ABSTRACT
Mobile genetic elements in bacteria, such as plasmids, act as important vectors for the transfer of antibiotic resistance, virulence, and metal resistance genes. Here, we report the genome sequence of a new plasmid pLM-C-273, identified in a Listeria monocytogenes strain isolated from a clinical sample in Ontario, Canada.
GENOME ANNOUNCEMENT
Listeria monocytogenes is highly resistant to environmental stresses that usually limit bacterial growth, such as low temperatures, fluctuations in pH, high salt concentrations, and metal ions (1), making its eradication from food manufacturing plants difficult. In general, plasmids have been implicated as genetic vectors in the interbacterial transfer of antibiotic resistance (2), virulence factors (3), and metal ion resistance factors (4). Here, we report the nucleotide sequence of L. monocytogenes plasmid pLM-C-273, which was derived from the whole-genome sequence of the strain LM-C-273. L. monocytogenes strain LM-C-273 is a clinical isolate recovered from a sample obtained in 2009 in Ontario, Canada, and belongs to multilocus sequence type 5 (ST5) (5).
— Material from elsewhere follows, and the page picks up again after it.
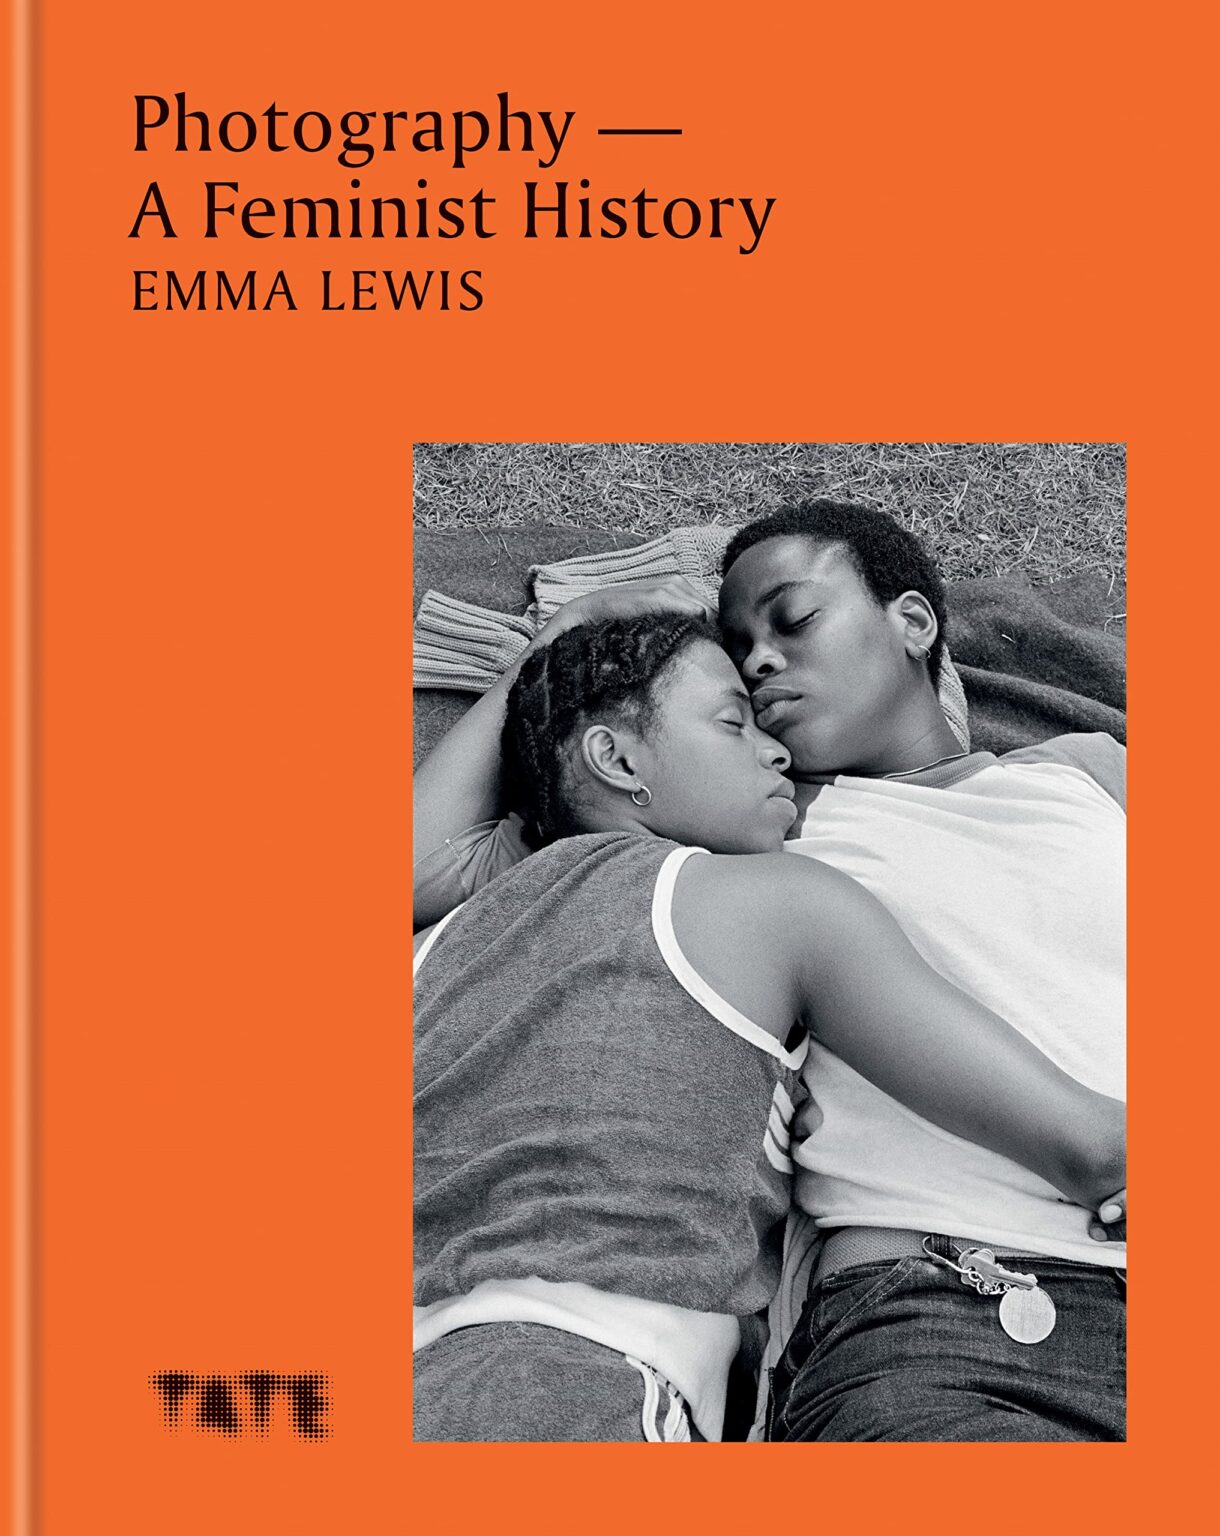 A Feminist History

Short-read sequences for LM-C-273 were obtained using the Illumina HiSeq 2500 technology (Illumina, San Diego, CA), and read quality was assessed using FastQC 0.1 (http://www.bioinformatics.babraham.ac.uk/projects/fastqc/). These short reads were then assembled using plasmidSpades (6), which uses the read coverage of generated contigs to distinguish between chromosomal and plasmid DNA. The assembly of plasmid contigs rendered a sequence that was 99,874 nucleotides in length in eight scaffolds, with a G+C content of 36.0%. The assembly was annotated with tools from the Victorian Bioinformatics Consortium-Prokka, using its default parameters (7). A total of 123 predicted coding sequences (CDSs) were annotated.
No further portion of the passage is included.